Just think how madly it'll OC and _hopefully_ perform.

Prices will drop. Not for a new card releasing by nV but due to fierce competition that have a better bang4buck card than anyone out there and an overclockers favorite. Both these manufacturers always try to win and impress the overclockers. Plus since HD2900 XT was aimed to compete with a G80GTS at the more mid-end market, and that it beats up, you can expect the prices of the card to shoot down to sell it, cut losses and affect ATI success.

I "think" the G80GTX prices are also to drop soon.
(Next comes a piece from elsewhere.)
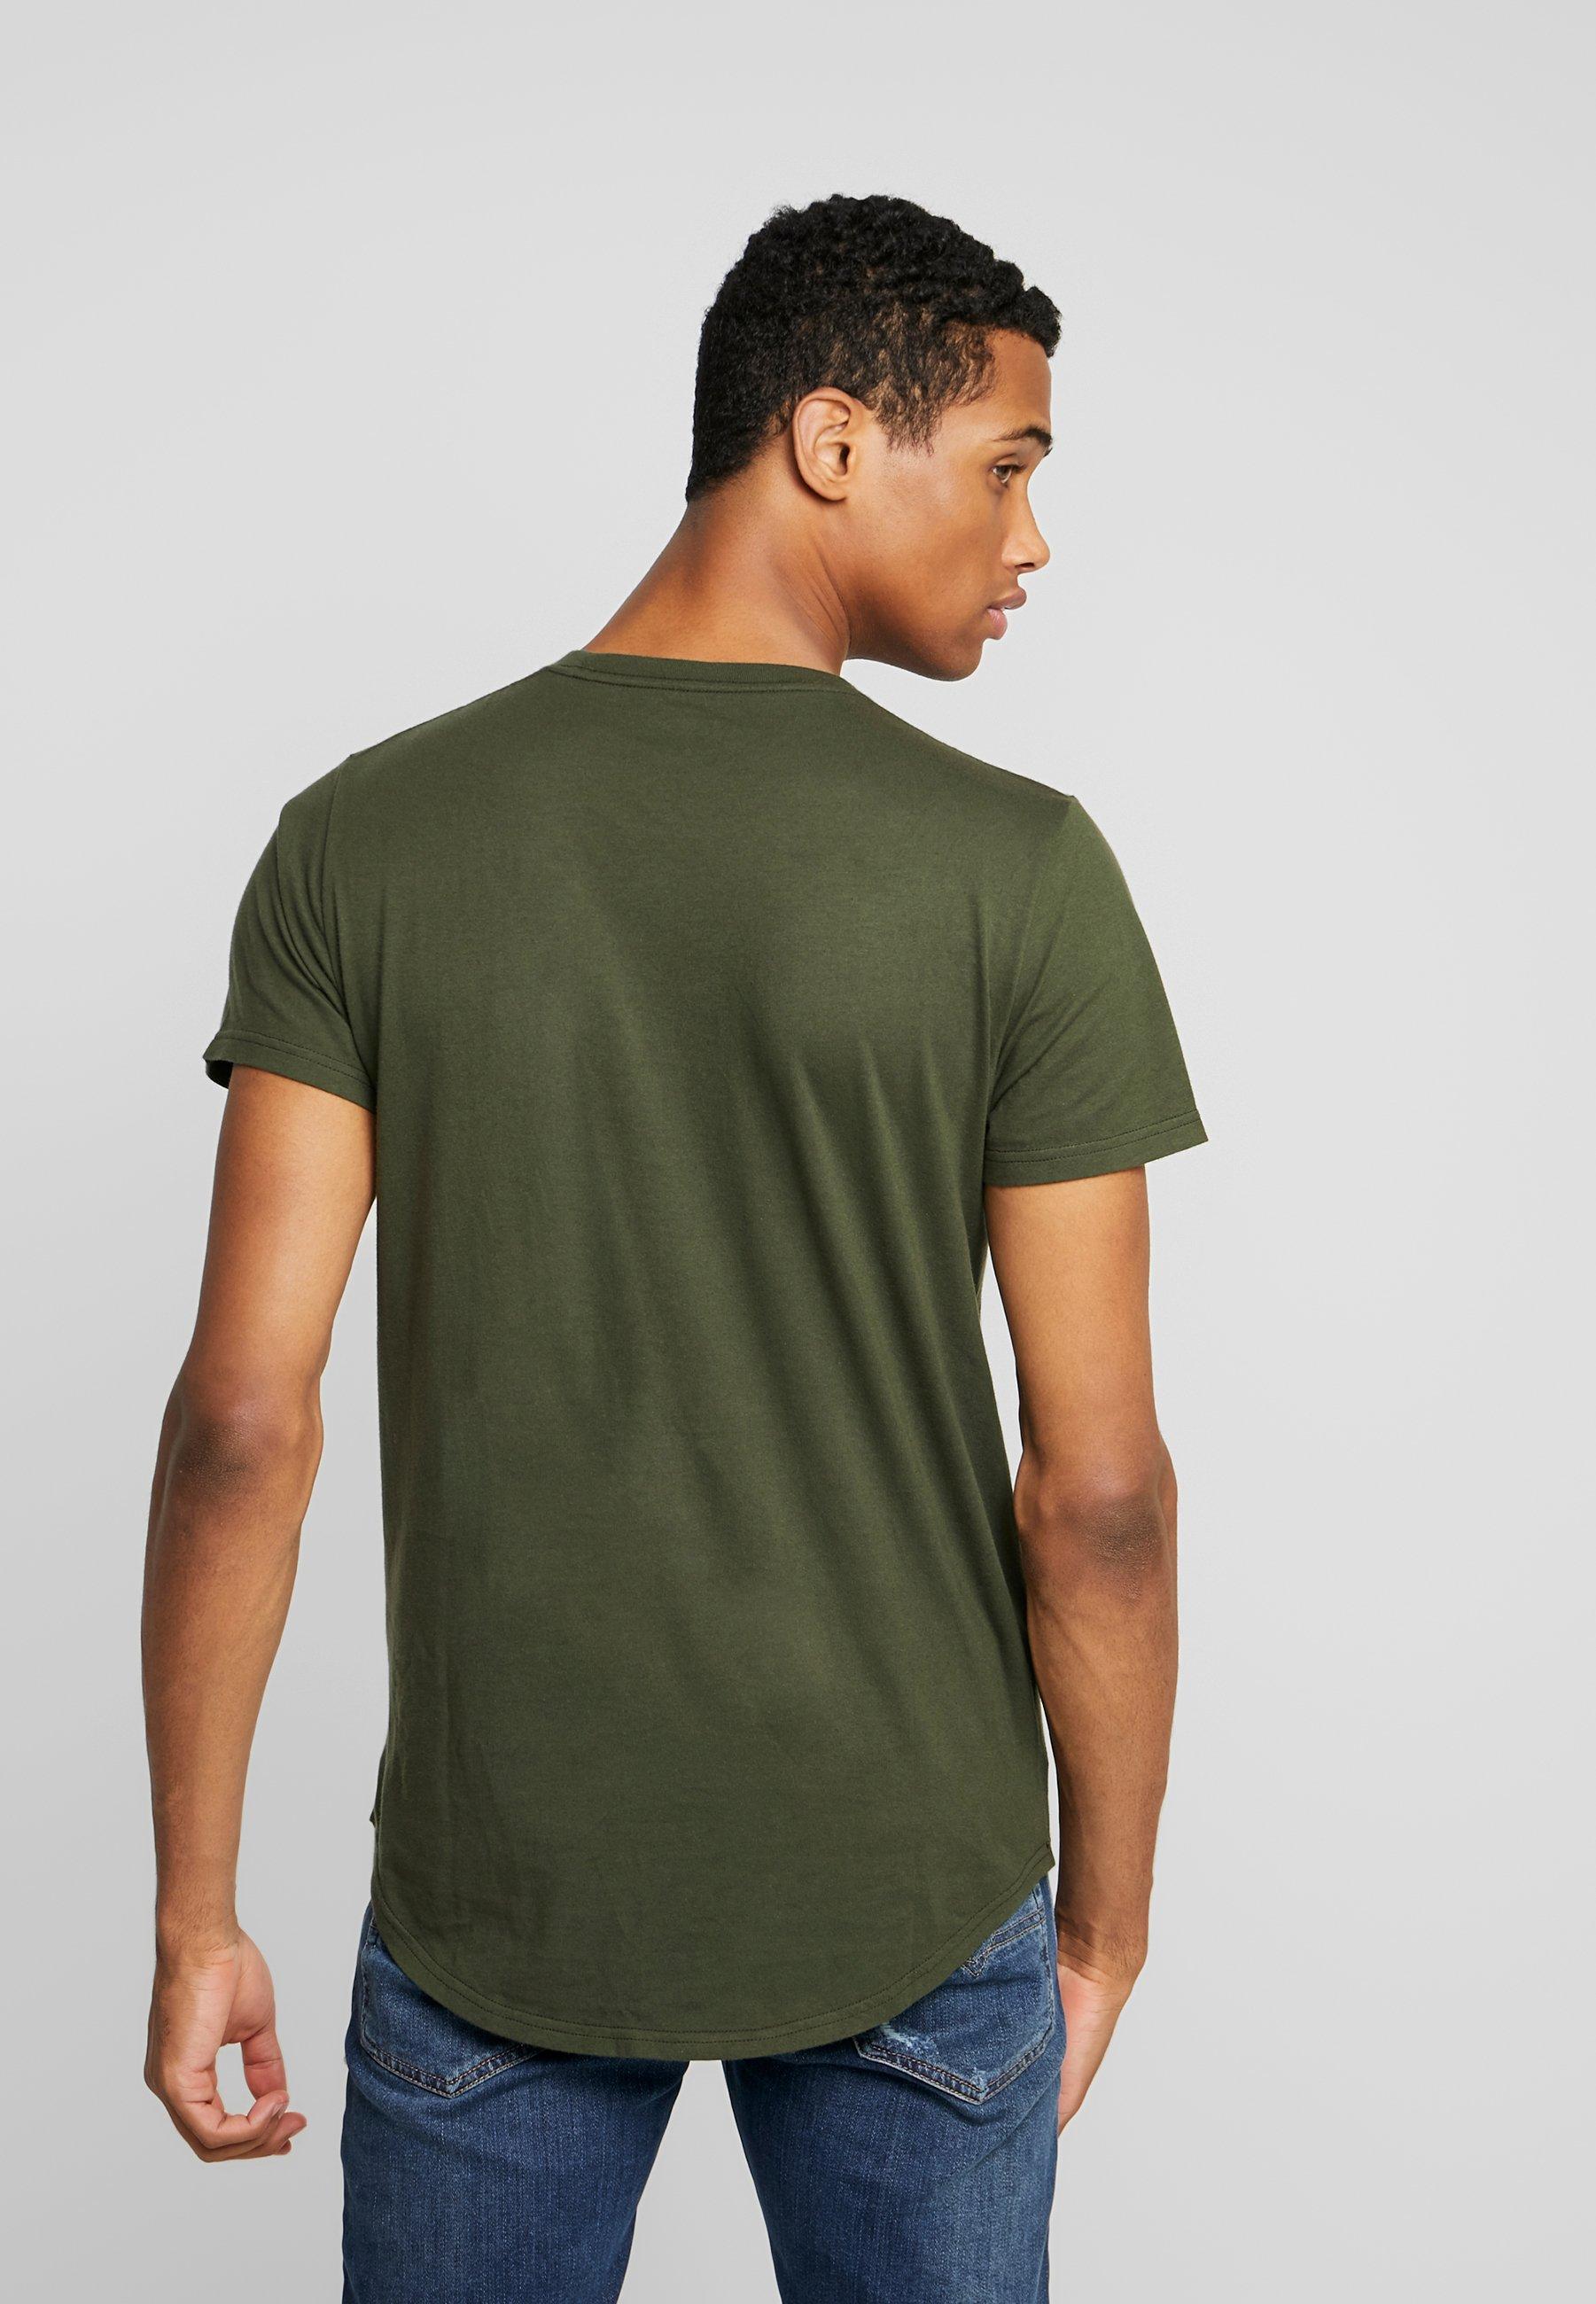 Green Stampa CoScrunch LogoT Box Con Hollister shirt FKJTl31cu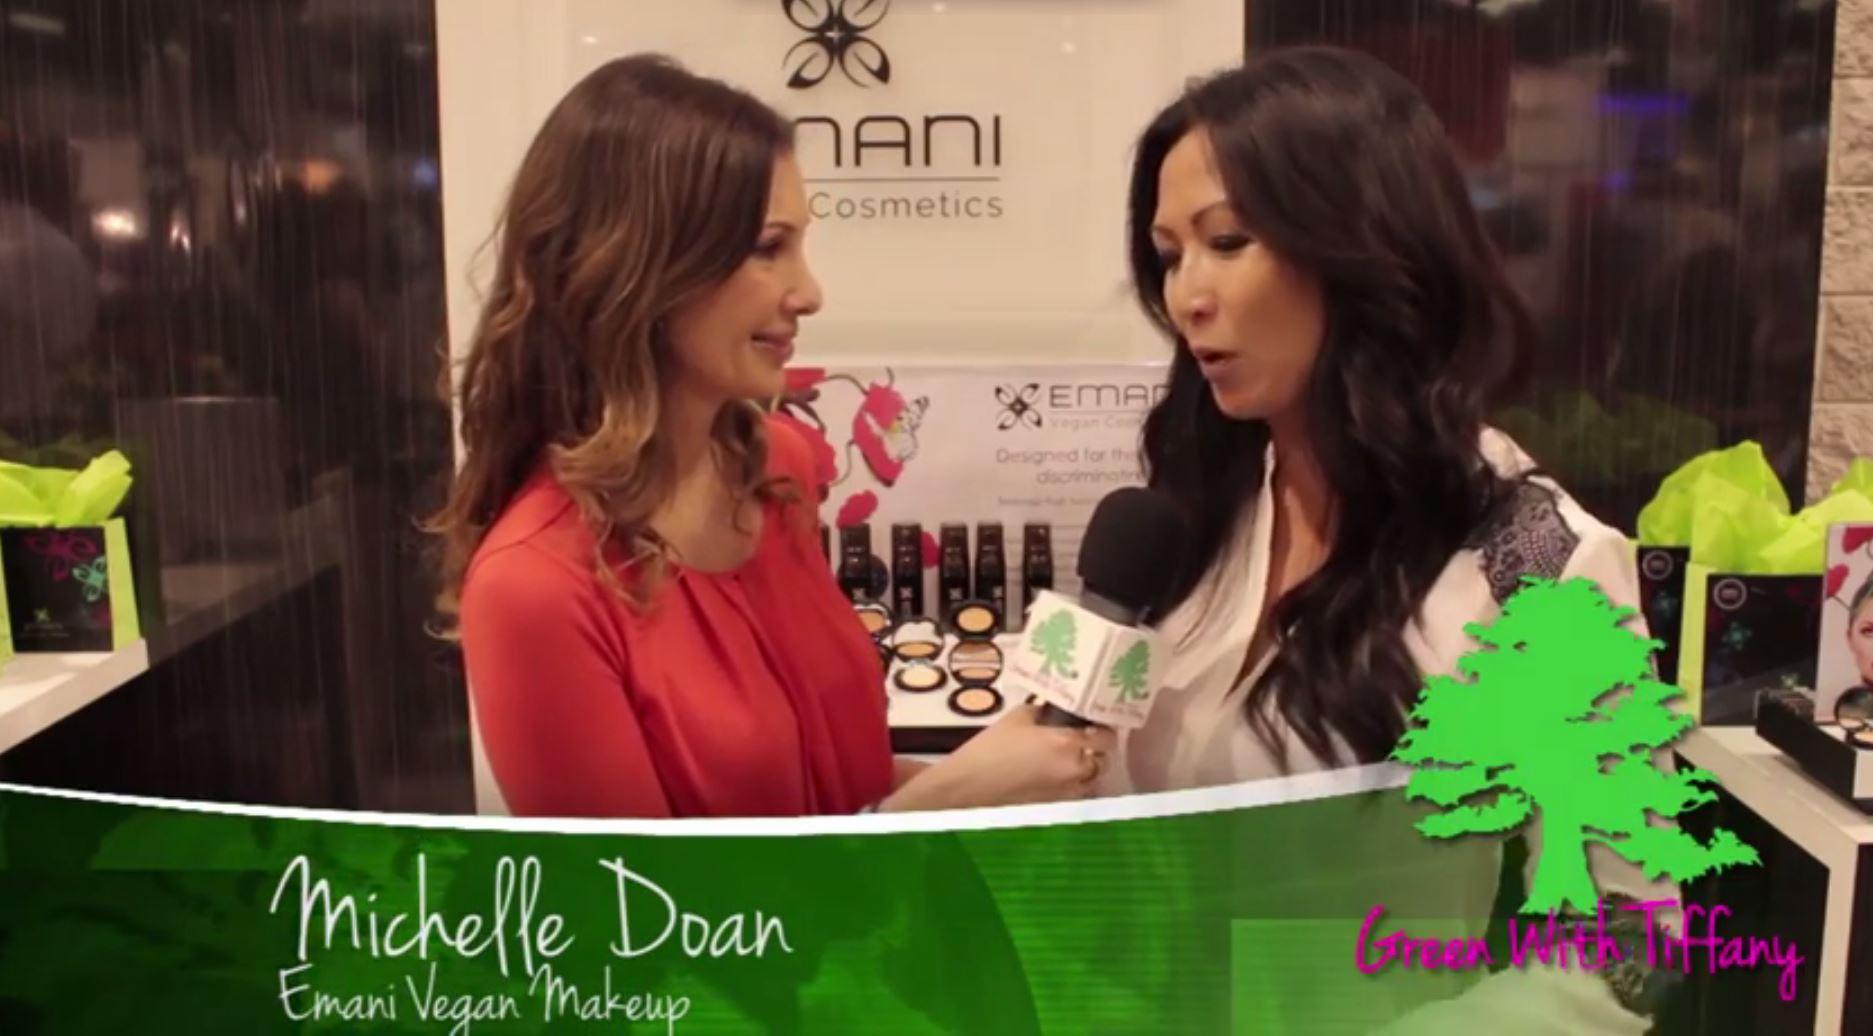 Emani Vegan Makeup Natural Products Expo West

Just depends how good ATI can make the drivers, support and performance of the new card. Which means wait till early-mid next month.


----------



## hemants (Nov 20, 2005)

Umm.. the proof is there. there are many websites that have reported the 'official" specs of the cards.

have a look:

"The GeForce 8950 GX2 is a dual chip card based on a new 80 nanometre G80 chip, probably codenamed something else. Both GX2 GPU's are clocked at 550MHz and the difference is GDDR4. The card comes with twice 512MB of 256-bit GDDR4 memory clocked at 2000MHz. The card has 96 shaders, per chip and it will be priced at $600. But that isn't all of the refresh coming from NVIDIA, along with the new shrinked G80 chip will come some extra products to fill the market and go head to head with the Radeon X2800 series."

there are other specs from taiwan as well..i dunno if these people are jus makin up stuff... but it does seem reall..


----------



## Kalim (Nov 24, 2006)

Yeah, when they do that it confuses those people that are young, unaware of them or simply good and trust that people tell only the truth nothing more or less.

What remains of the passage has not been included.